Leave the pictures out, and repeat exactly every line from the one with "Défilé en costume" through the end of the data below.

• **Source data**:
· · · · · · ·
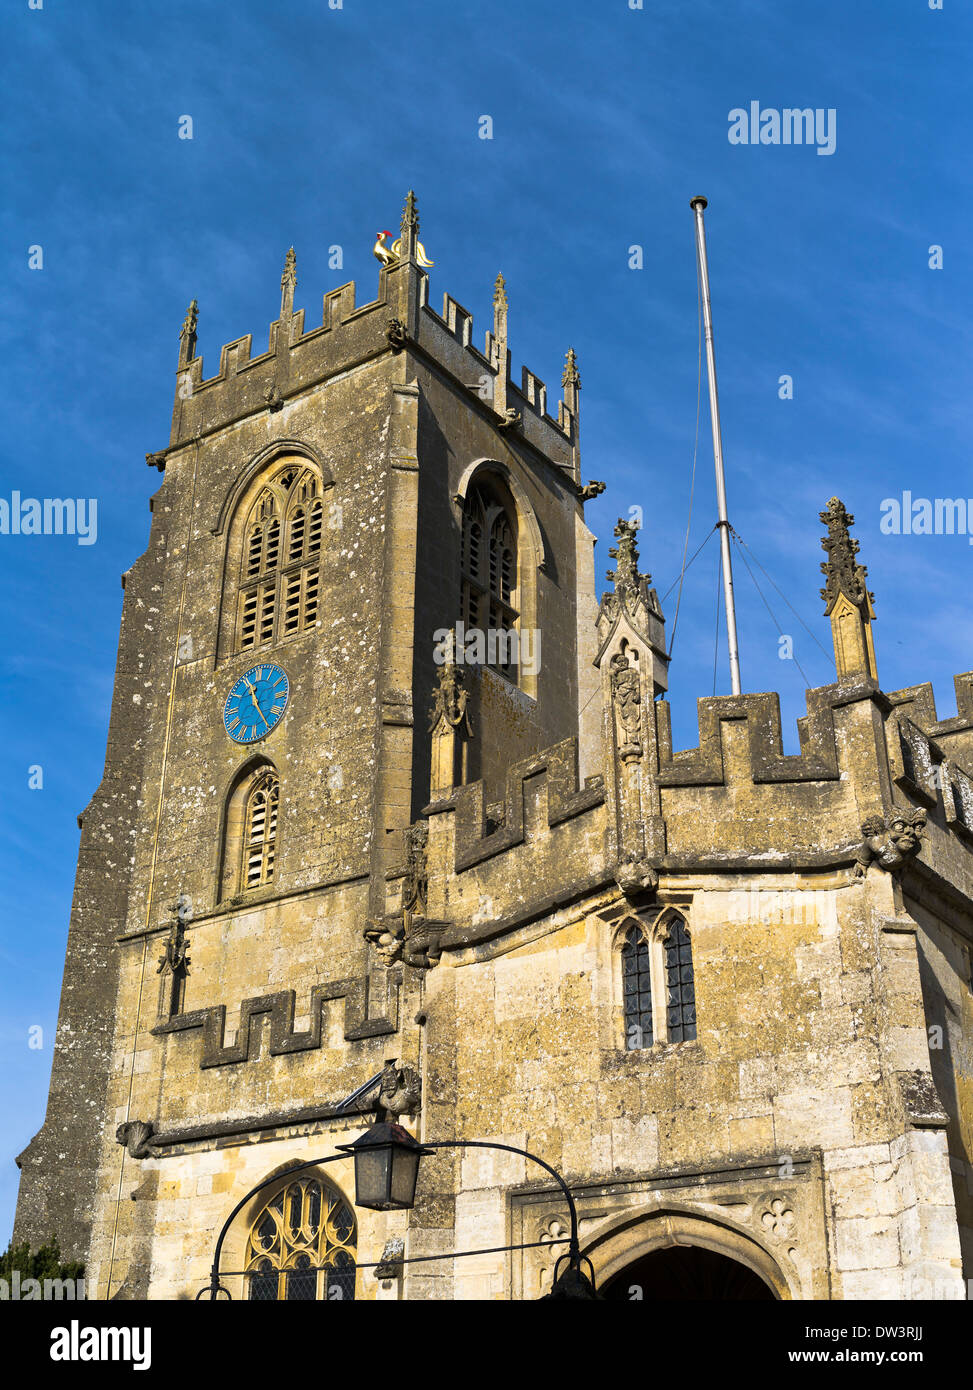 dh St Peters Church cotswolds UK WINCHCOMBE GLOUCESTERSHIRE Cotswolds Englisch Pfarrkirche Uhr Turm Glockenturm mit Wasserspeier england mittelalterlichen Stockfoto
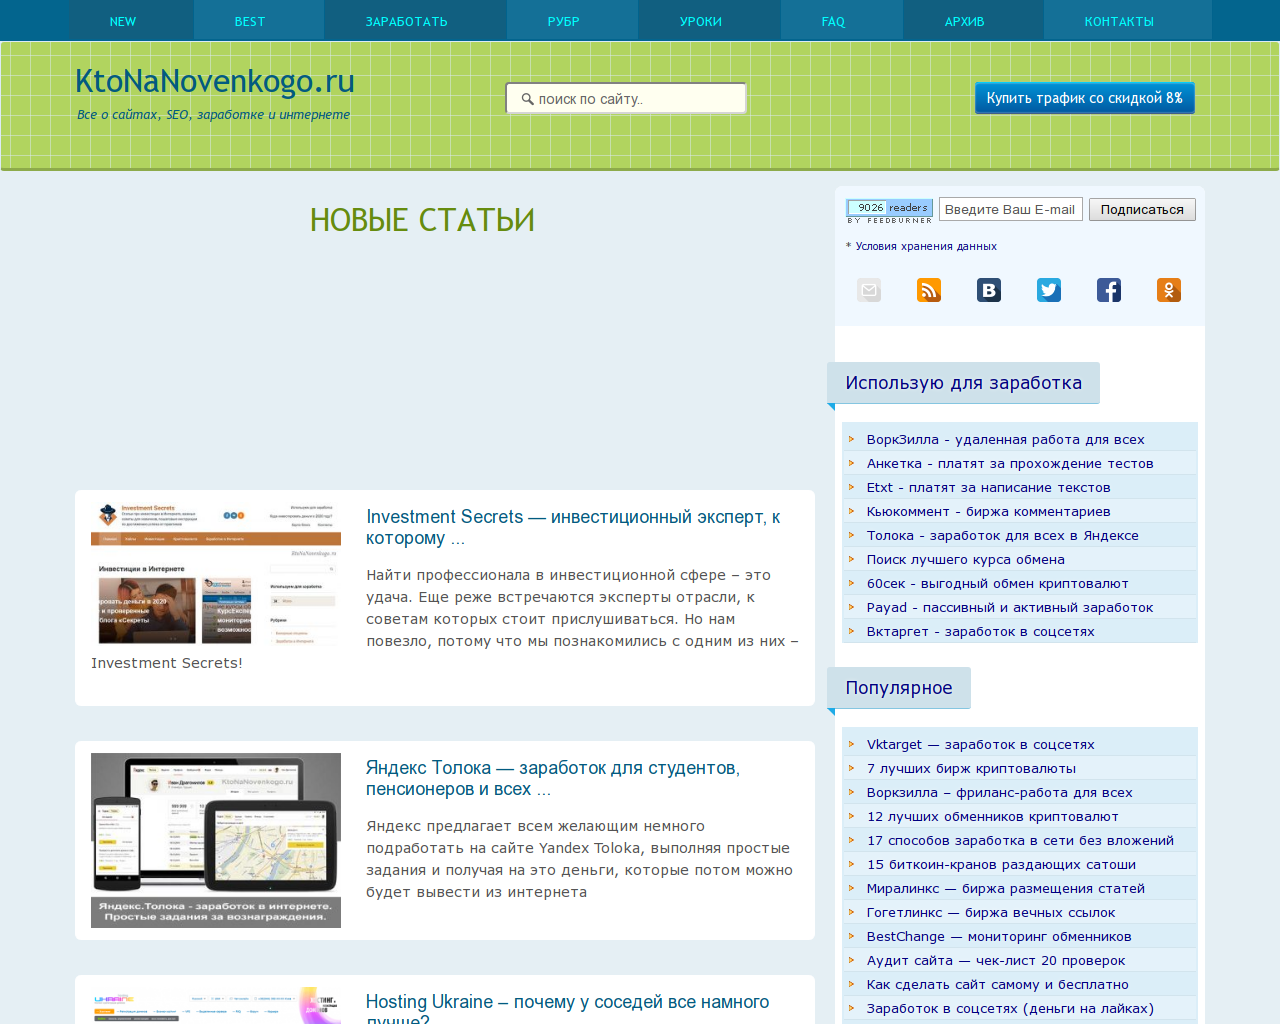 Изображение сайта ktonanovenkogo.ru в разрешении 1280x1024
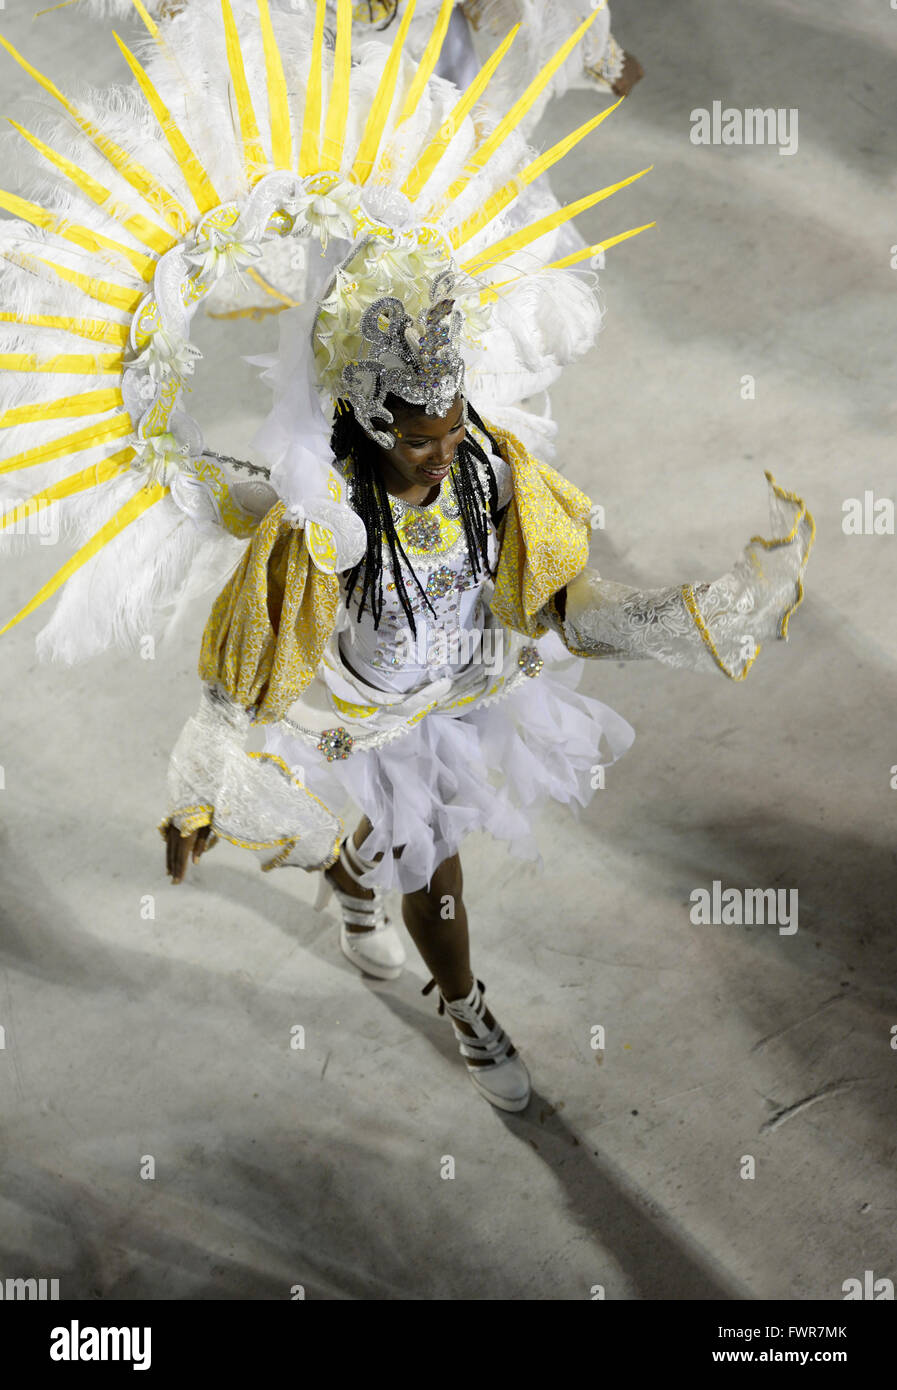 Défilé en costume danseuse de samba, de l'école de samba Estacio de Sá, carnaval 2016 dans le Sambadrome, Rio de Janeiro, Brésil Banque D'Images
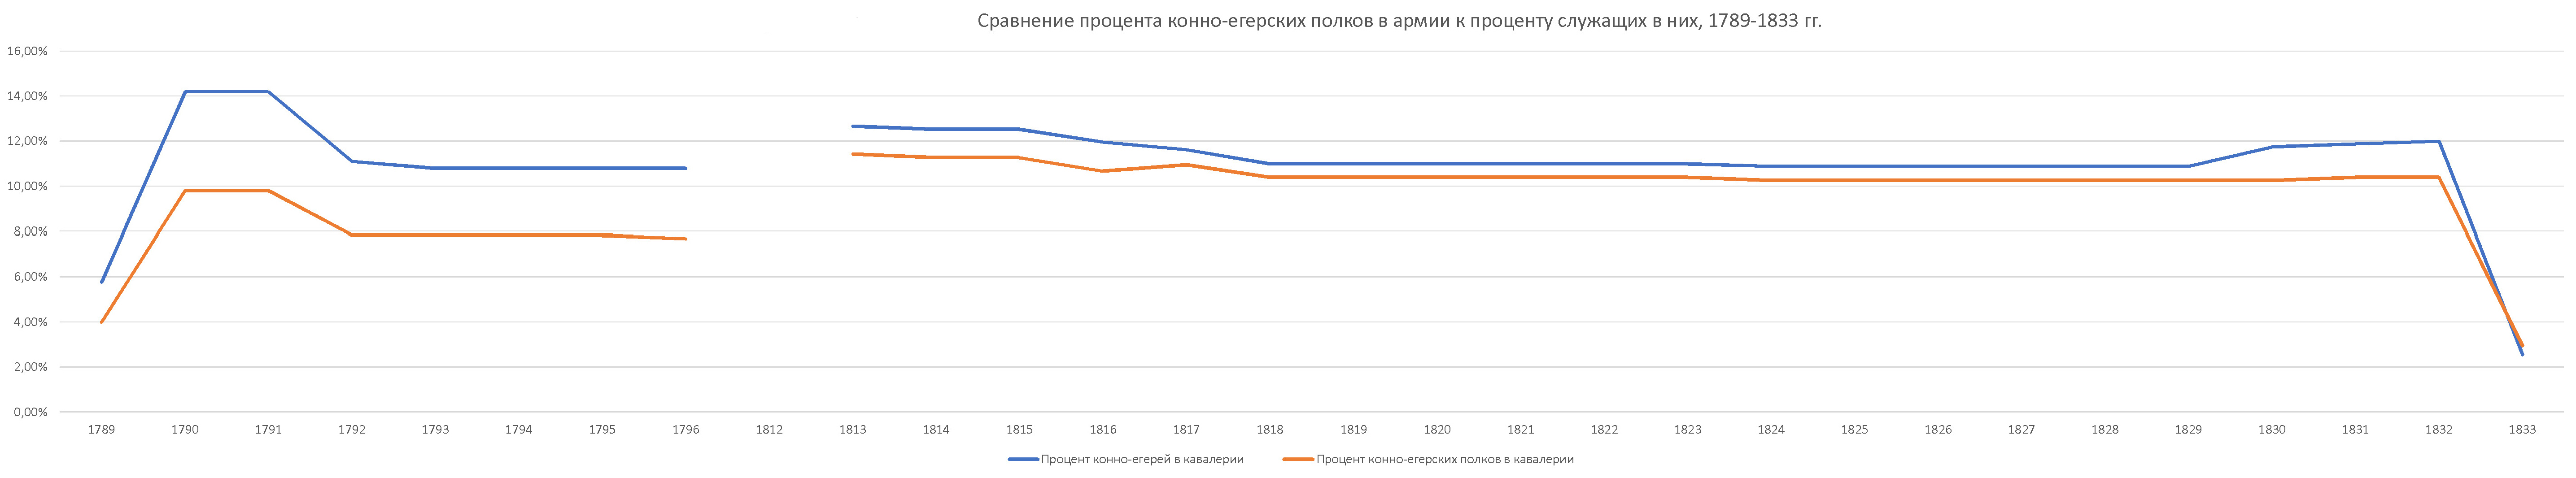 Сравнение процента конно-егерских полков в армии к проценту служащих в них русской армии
· · · · · · ·
• **Solution to the exercise**:
 Défilé en costume danseuse de samba, de l'école de samba Estacio de Sá, carnaval 2016 dans le Sambadrome, Rio de Janeiro, Brésil Banque D'Images
 Сравнение процента конно-егерских полков в армии к проценту служащих в них русской армии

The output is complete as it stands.